First and foremost, I bring to the table passion. From mostly Italian and German stock, I've eaten heartily since early childhood in Oklahoma and Missouri, 16 total years of my youth in Southern California and New Jersey (just outside LA and NYC respectively), and travel over five continents. As an incessant reader and writer since girlhood, books first opened me up to the world, though I dreamed of having my own adventures to write about. Moving to San Francisco a decade ago, I was wowed not only by its unique, radiant beauty, but by the consistent quality of food, spending spare dollars eating out constantly. Though SF wasn't the immediate love affair for me New York was, it is a love that has only increased each year, the home I would happily end up in. This city still takes my breath away.

Patricia Unterman's original San Francisco Food Lover's Guide was my food bible in those early days. I connected with her quest for the authentic, no matter the cuisine. I ate my way through neighborhoods, marking up her book (and all my dining guides) until I had been to every single restaurant, market, and bar in its pages. Eventually, requests asking me where to go and what to eat reached a fever pitch, so my husband (and partner in taste and travel) helped create my own humble website, The Perfect Spot, to share my reviews and finds. I've been sending out a bi-weekly newsletter for nearly four years based on my writings for the site. I also write for an ever-increasing number of magazines and websites.

"Diet," "lowfat," and "hold the cream" are words you'll never hear me say. My hunger for food as adventure means I make it a goal to have no food prejudices. Many say, "I'll try anything once," but my philosophy is to keep trying anything I don't like until I do. The food may not have been prepared properly; it was perhaps of poor quality; maybe the palate wasn't quite ready for it — dishes still deserve to be known at their best. I spent years trying to overcome my aversion to uni (sea urchin), for example. Eating chef David Bazigran's brilliant uni flan at Fifth Floor early this year was a revelation. I realized it was uni's texture, not its of-the-sea flavor, turning me off. I've enjoyed uni ever since, though only when ultra-fresh. From personal experience, I know one can change one's abhorrence of a food, and in so doing expand one's horizons another inch, uncovering another of life's simple delights.

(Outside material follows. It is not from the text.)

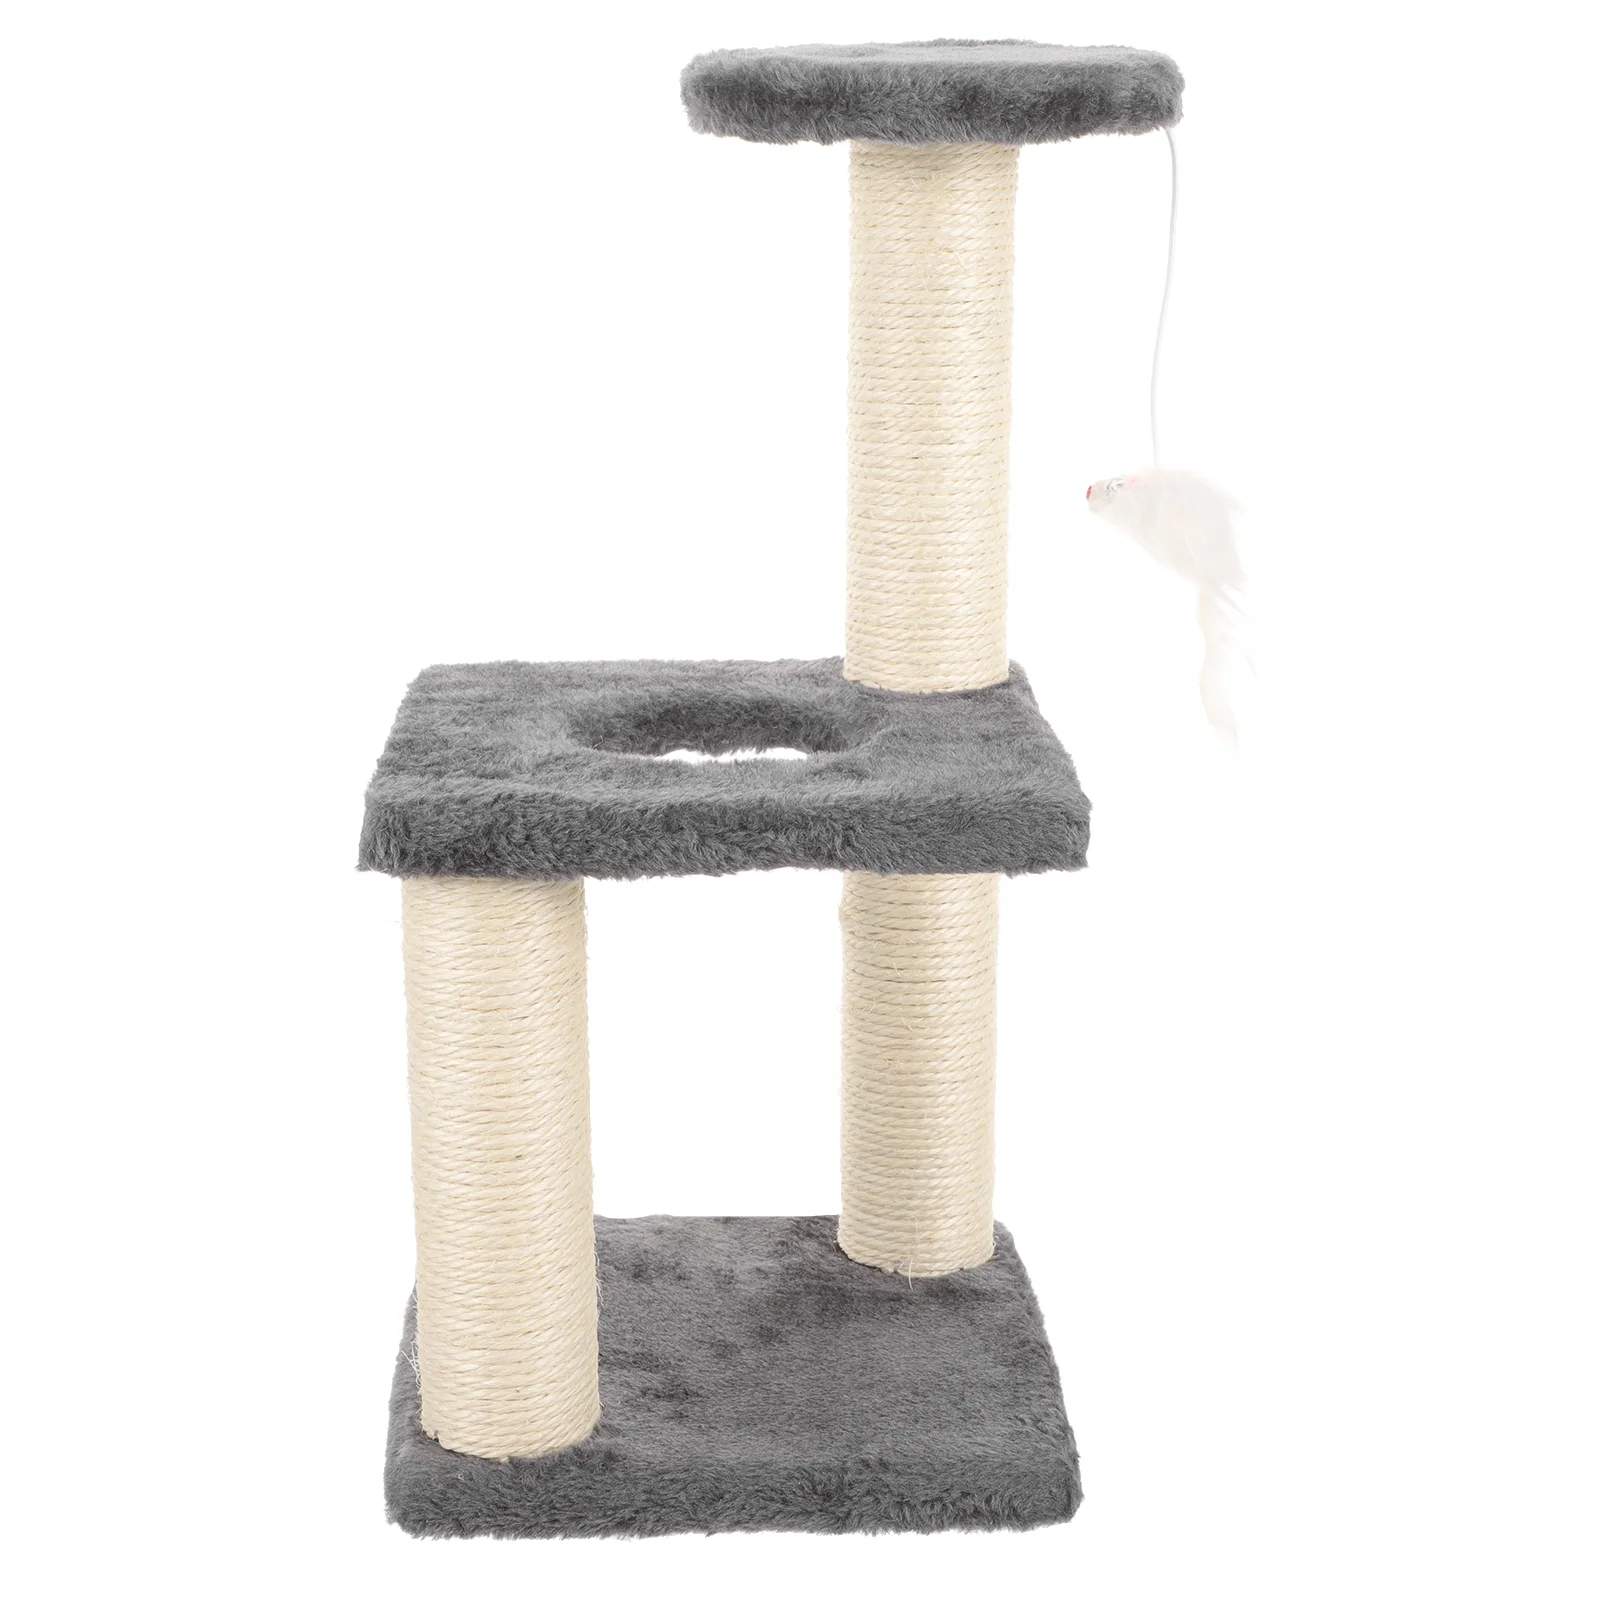 

Кошачья Когтеточка, удобная рама для лазания, пола, Когтеточка, интегрированная Вертикальная игрушка для котят

Sometimes fear arises around unfamiliar foods — and the unfamiliar in general. Without variety and a vast range of expression, the world loses it color — and its joy. While sameness can be comforting (and there's a time for that), it is entirely boring. To go through any part of life bored or complacent is simply lazy. As with music or books, one can discover unknown lands with a few new ingredients, enlivened by the hands of a gifted, caring chef. Whether food cart or fine dining, there's no reason to settle for mediocrity, not with the unreal produce, vision, and talent surrounding us.